#### [THE PROBLEM]
Transcribe the listing exactly, so that nothing but the pictures is missing.

*** Opening of EXERCISE DATA ***

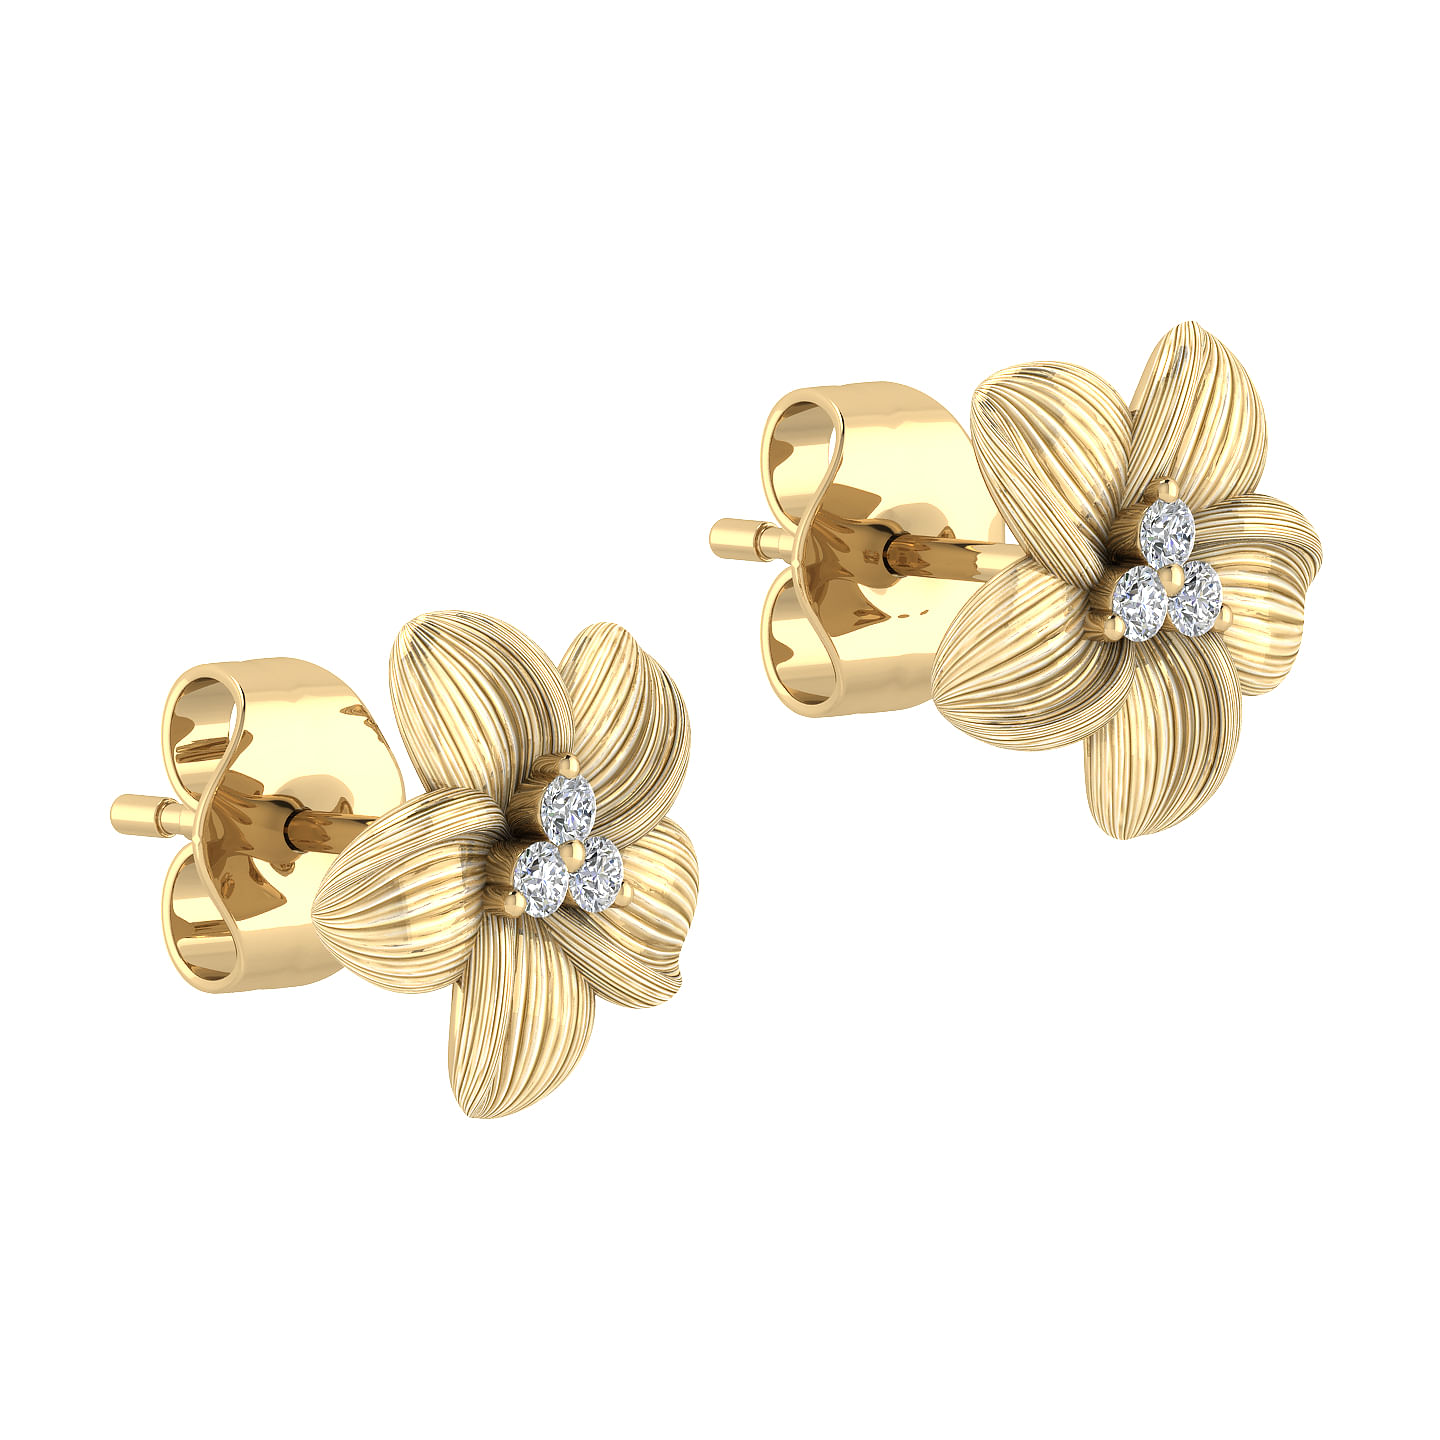 14K Yellow Gold Textured Flower and Diamond Stud Earrings
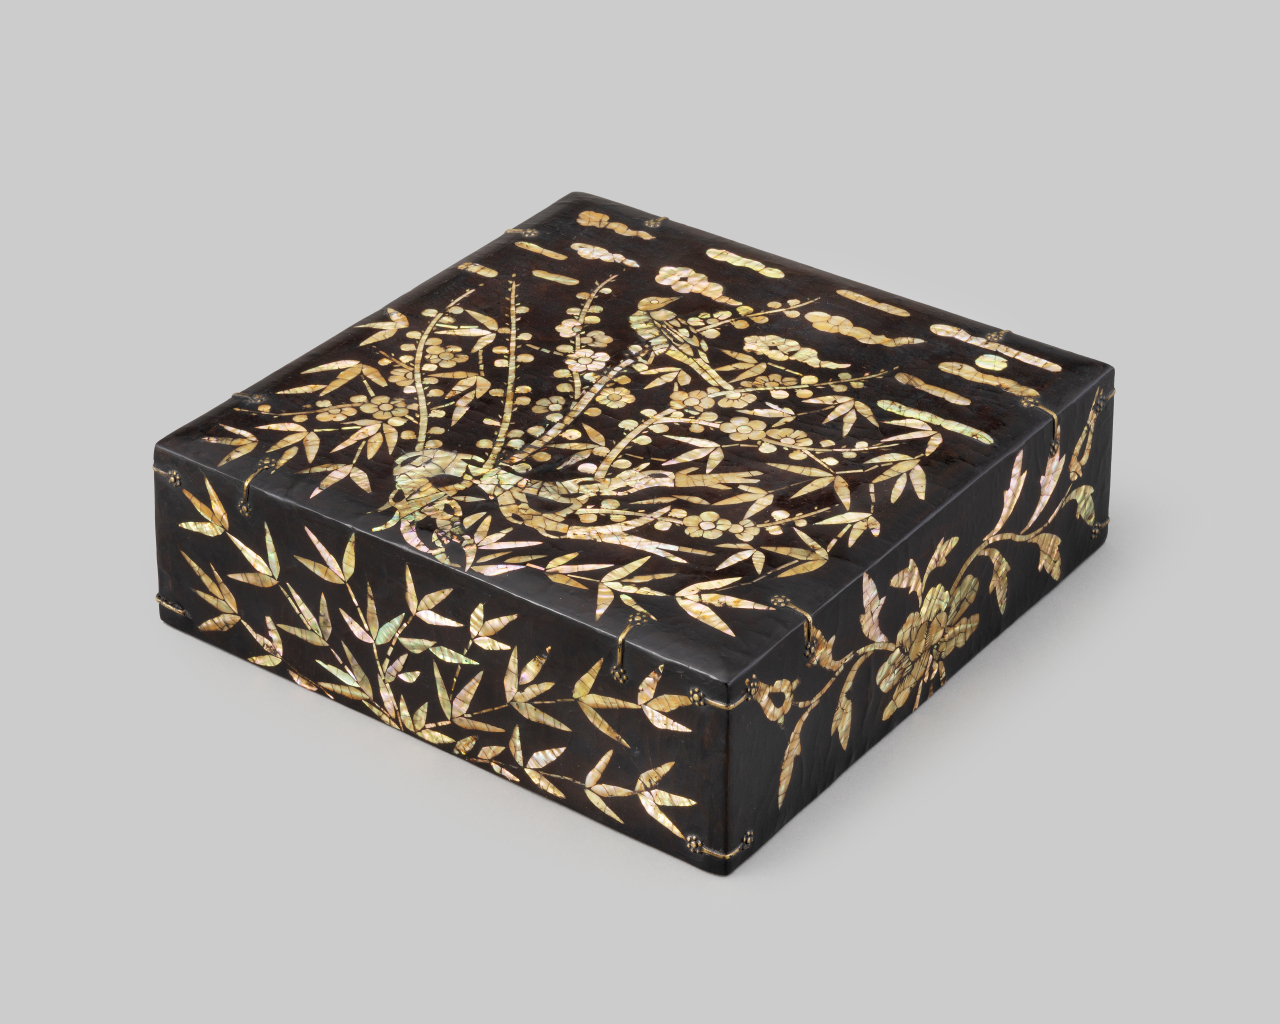 Mother-of-pearl inlay box with plum, bird, and bamboo design repatriated from Japan in 2012 (CHA)
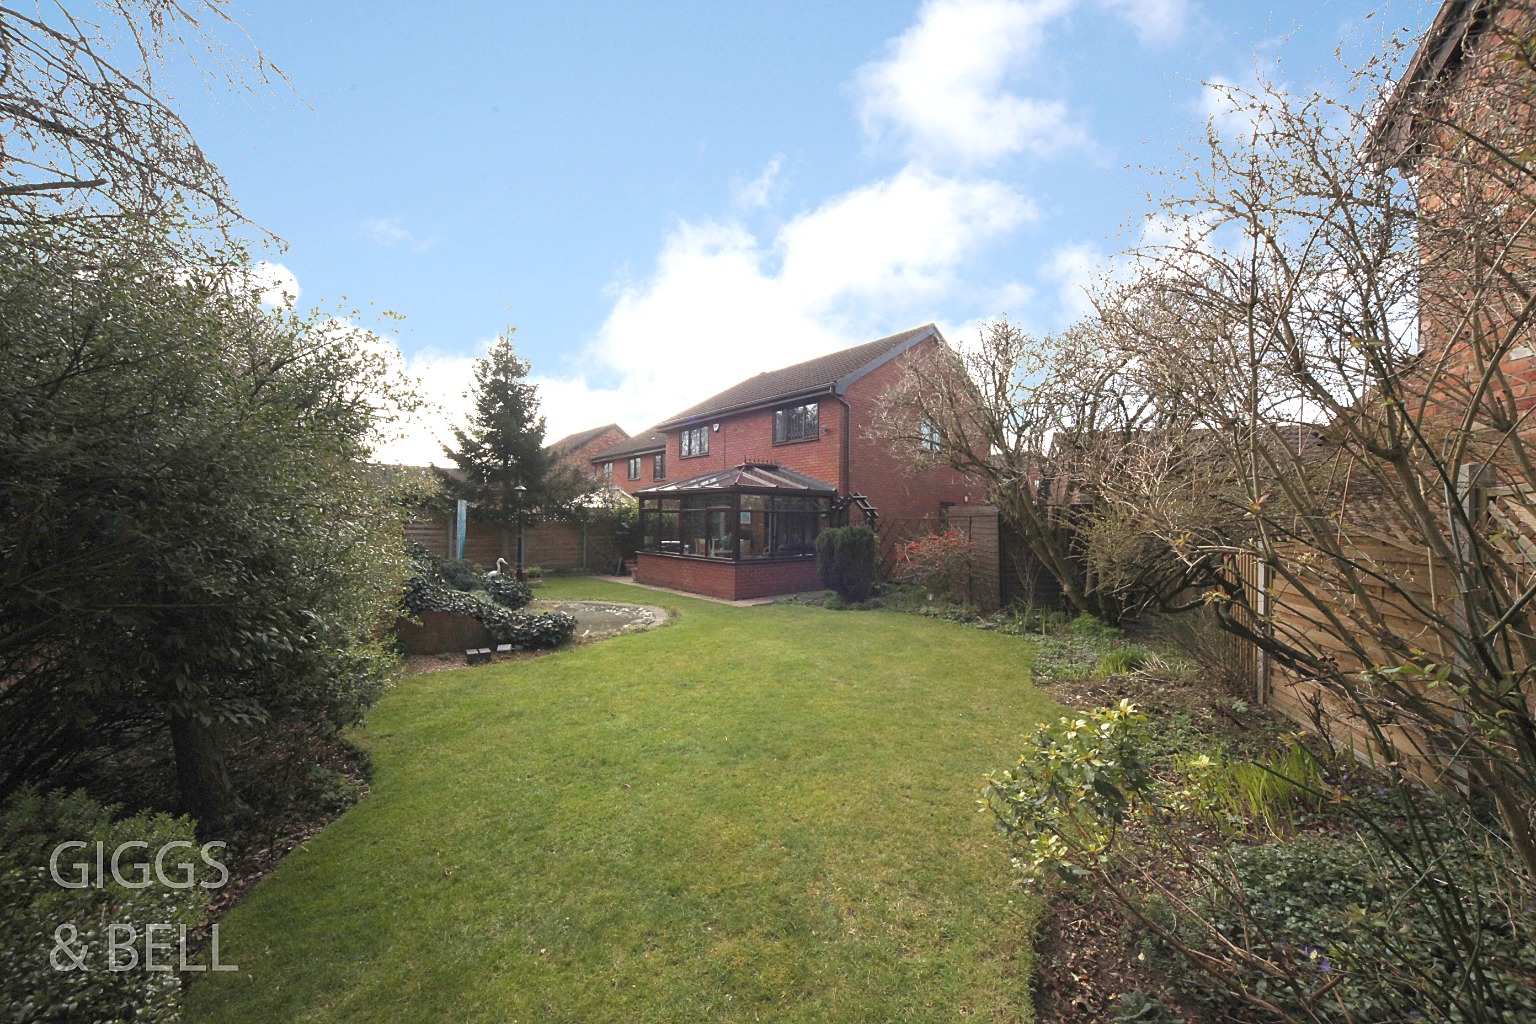 4 bed detached house for sale in Copthorne, Luton 25

*** Close of EXERCISE DATA ***

#### [RESPONSE AREA]
 14K Yellow Gold Textured Flower and Diamond Stud Earrings
 Mother-of-pearl inlay box with plum, bird, and bamboo design repatriated from Japan in 2012 (CHA)
 4 bed detached house for sale in Copthorne, Luton 25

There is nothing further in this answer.